Key features: The platform allows users to upload their protein sequence data and desired optimization goals, after which Cradle's AI suggests specific mutations likely to improve the target properties. For example, a scientist could aim to increase the thermostability of an enzyme or enhance its binding affinity to a specific substrate. The system provides a ranked list of variant sequences with predicted performance scores. Users can then synthesize and test the most promising candidates, feeding the results back into the platform to further refine the AI's predictions in an iterative, closed-loop workflow.

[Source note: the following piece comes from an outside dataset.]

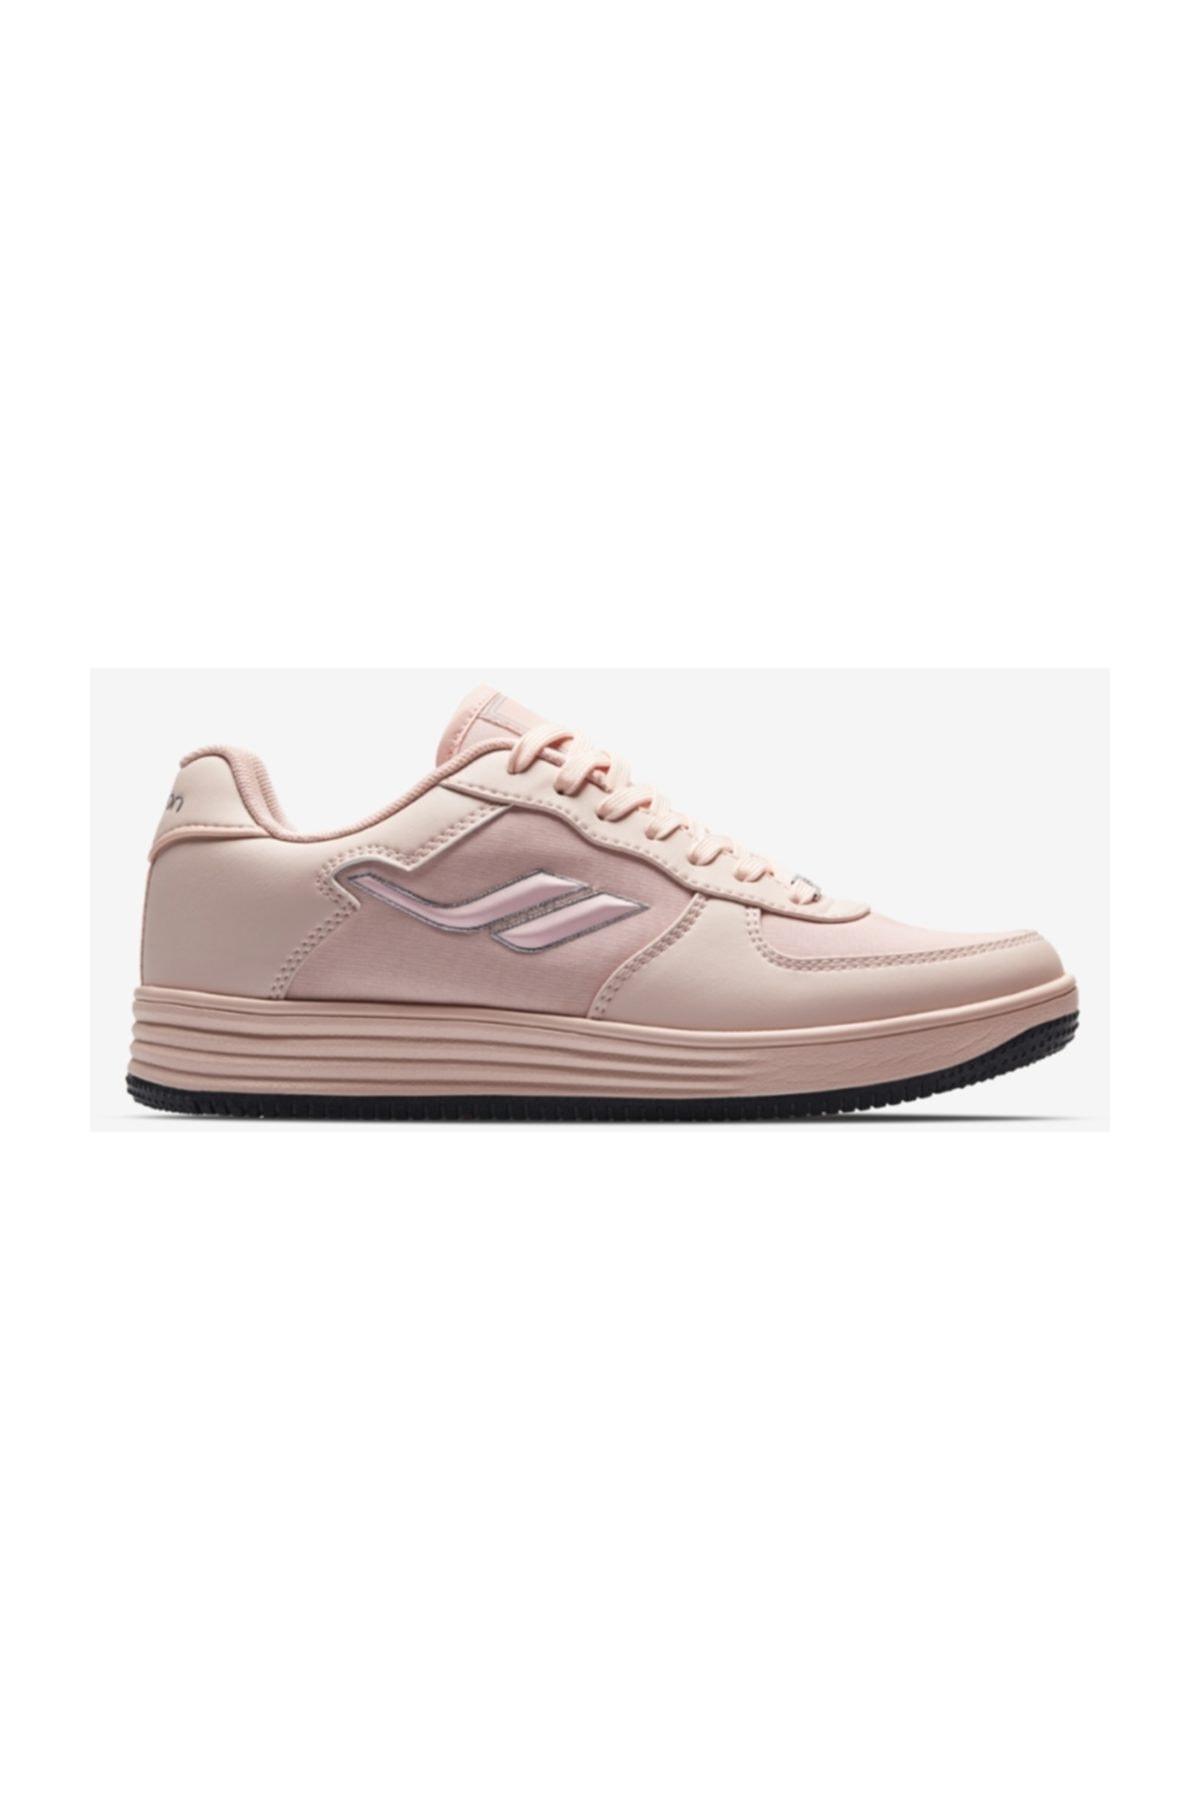 Lescon L-6616 Pudra Beyaz Bayan Sneaker Ayakkabı 1

What sets Cradle apart is its focus on being a practical, biologist-centric tool that integrates directly into the experimental workflow, rather than just a computational prediction engine. It emphasizes usability for wet-lab scientists without requiring deep expertise in bioinformatics or coding. Technically, it leverages advanced generative models and likely fine-tunes recommendations based on user-provided data, creating a customized prediction model. The platform is accessed via a web interface, simplifying the process of submitting design requests and analyzing results compared to managing complex local software pipelines.
Ideal for research scientists, protein engineers, and biotechnologists in both academic institutions and industrial R&D departments, particularly in fields like therapeutic antibody development, enzyme engineering for industrial processes, and the design of novel biomaterials. Specific use cases include optimizing the yield of a protein produced in cell culture, designing more stable vaccine antigens, or engineering enzymes for novel catalytic functions in sustainable chemistry.
As a freemium service, Cradle offers a free tier with basic access to its AI design capabilities, suitable for initial exploration and smaller projects. For intensive commercial or academic research requiring higher throughput, priority support, and advanced features, the platform provides paid subscription plans. These are typically structured on a per-project or seat basis, catering to the needs of larger teams and enterprises with more demanding data and design requirements.